Task brief
Only the lines below from the one containing "Rolex Datejust 69173" through the one containing "Professional Crop Duster" belong in the answer, repeated exactly and without pictures.

Data shown
§

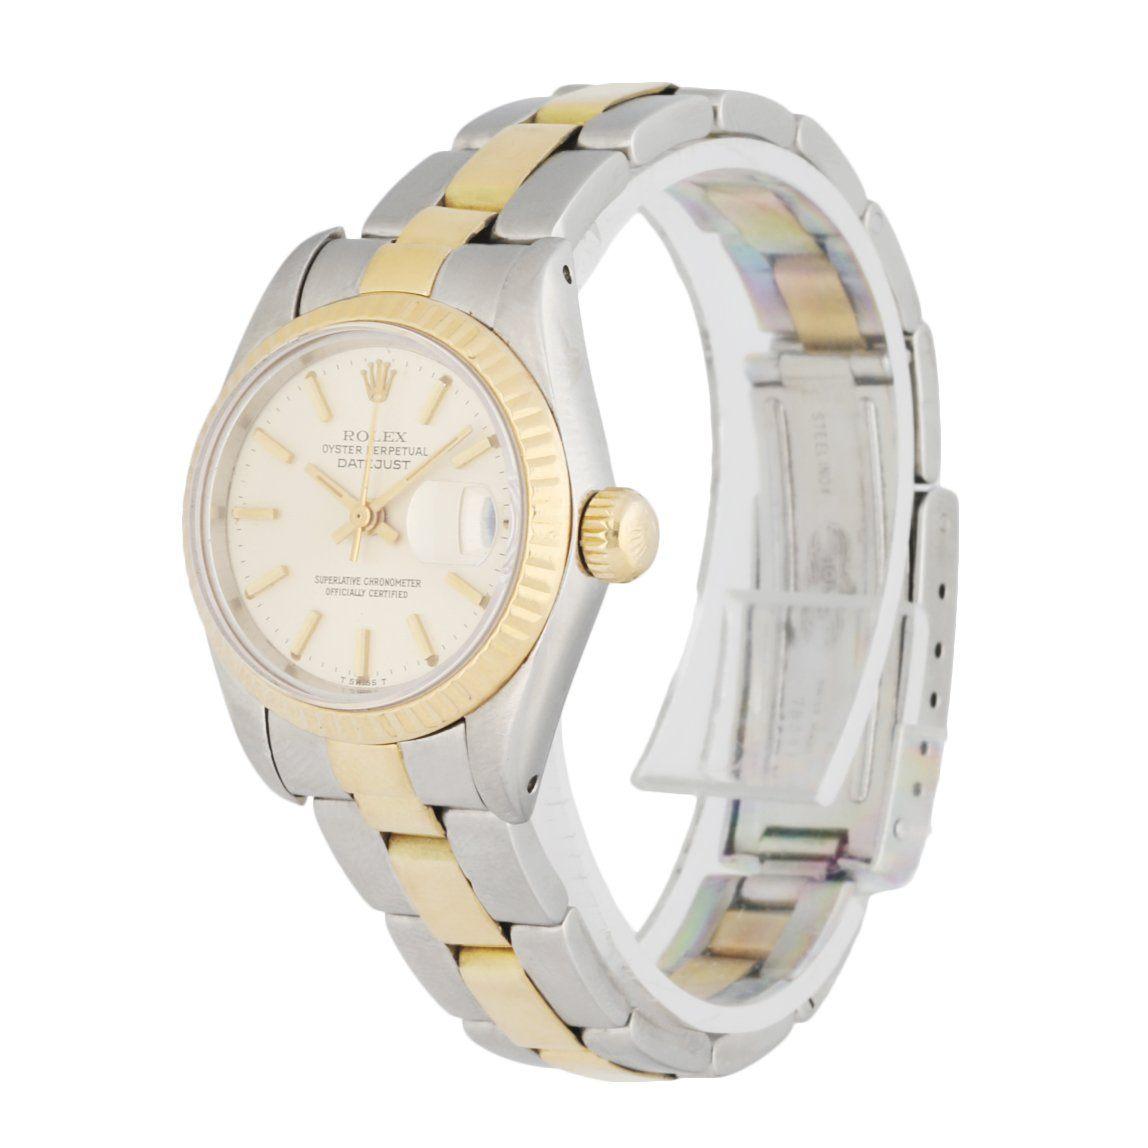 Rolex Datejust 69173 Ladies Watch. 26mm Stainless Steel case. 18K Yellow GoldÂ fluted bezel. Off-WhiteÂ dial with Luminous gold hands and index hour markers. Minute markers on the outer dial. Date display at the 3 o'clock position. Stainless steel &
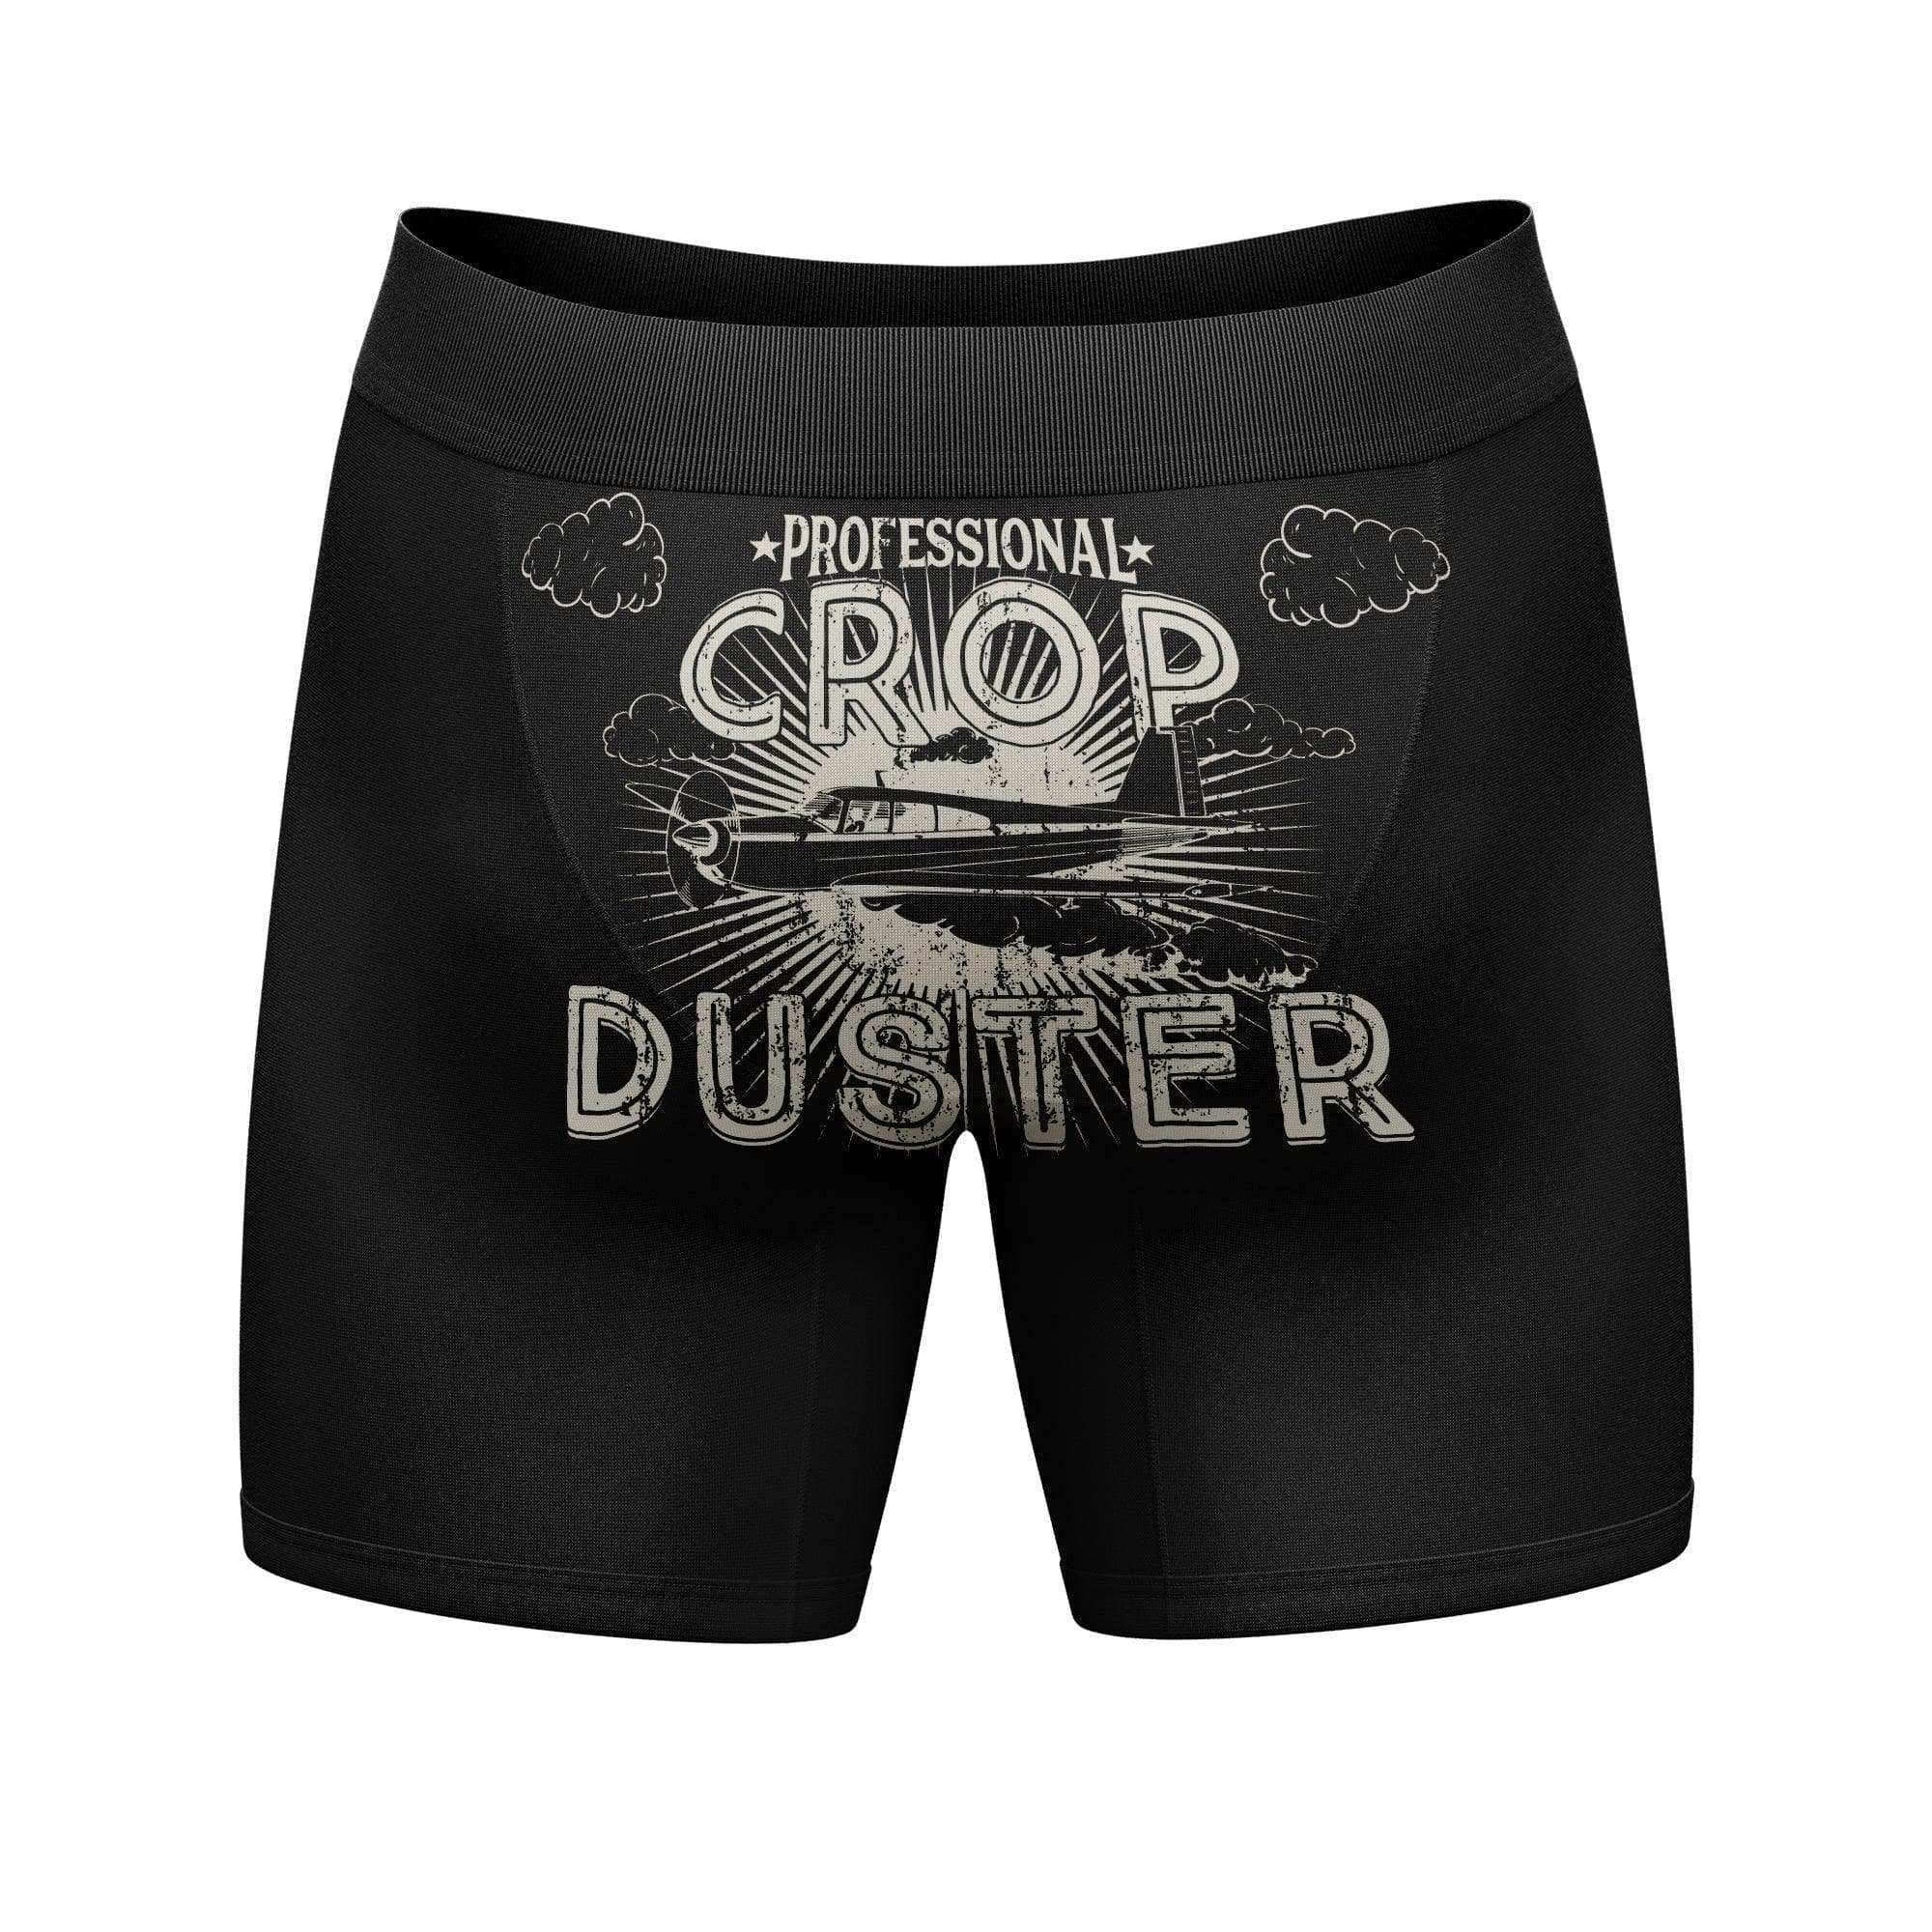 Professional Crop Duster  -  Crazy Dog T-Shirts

§

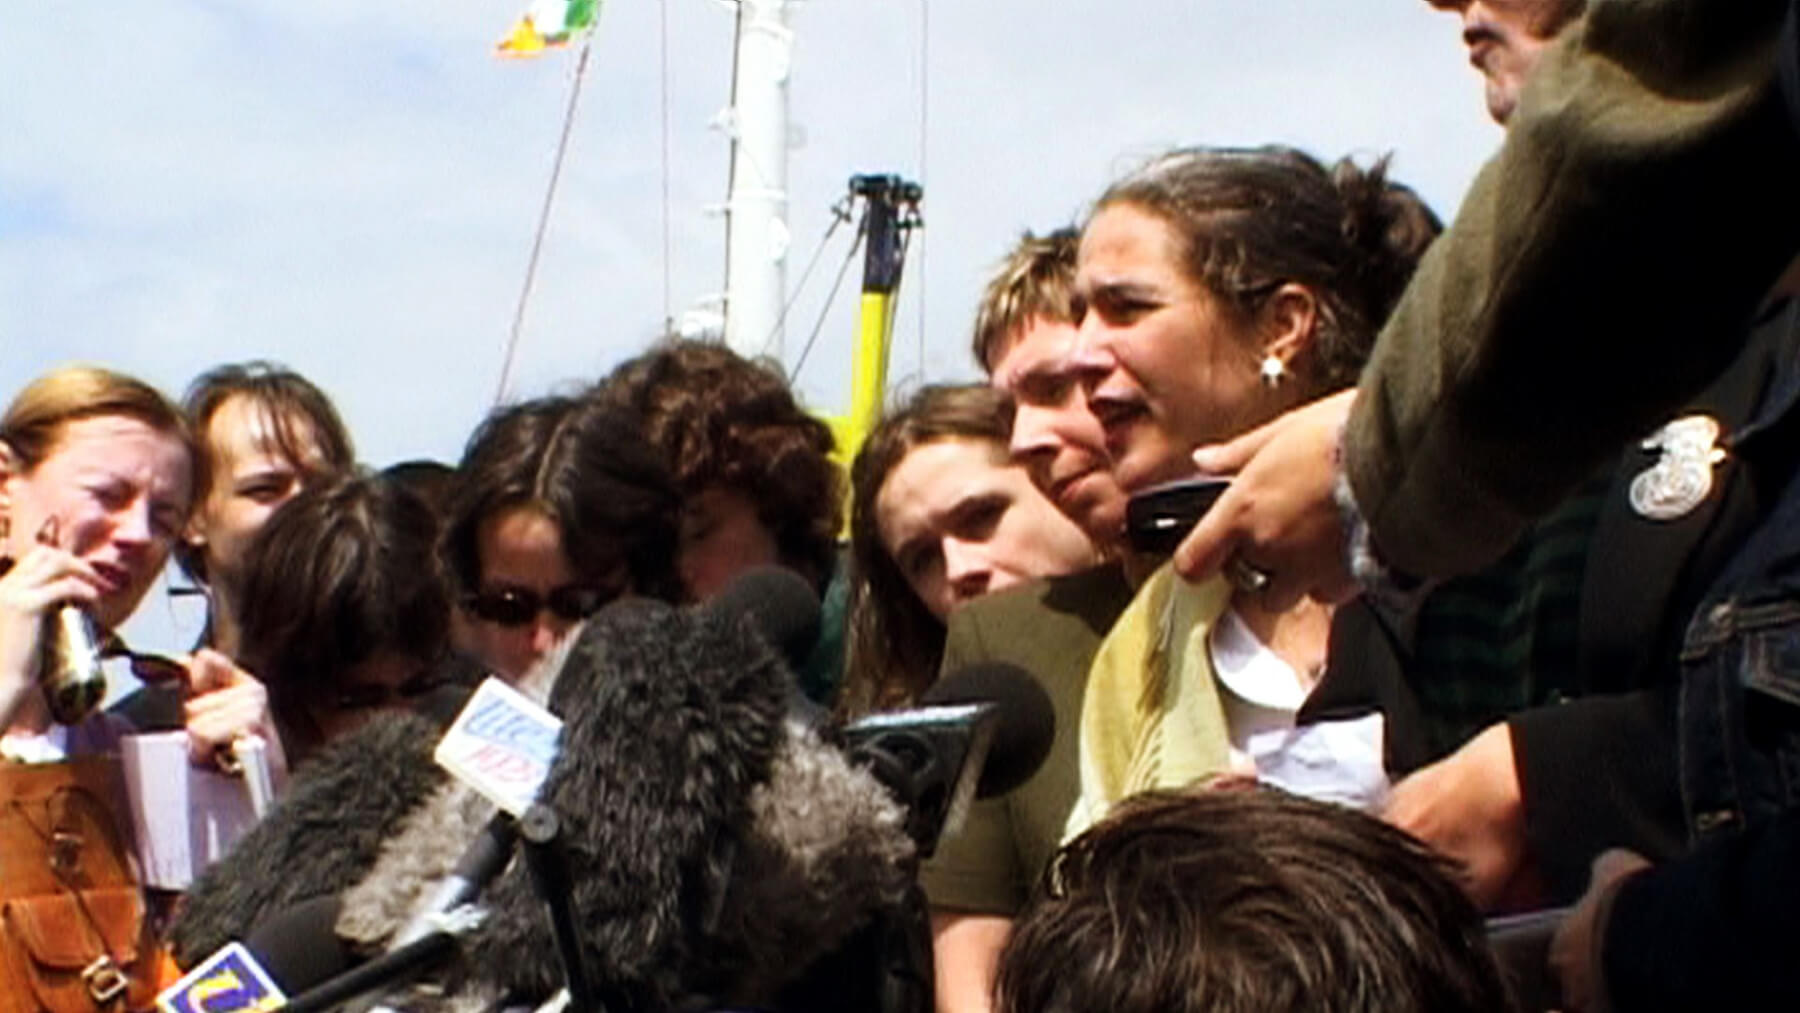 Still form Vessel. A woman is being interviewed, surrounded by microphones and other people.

§

Solved problem
 Rolex Datejust 69173 Ladies Watch. 26mm Stainless Steel case. 18K Yellow GoldÂ fluted bezel. Off-WhiteÂ dial with Luminous gold hands and index hour markers. Minute markers on the outer dial. Date display at the 3 o'clock position. Stainless steel &
 Professional Crop Duster  -  Crazy Dog T-Shirts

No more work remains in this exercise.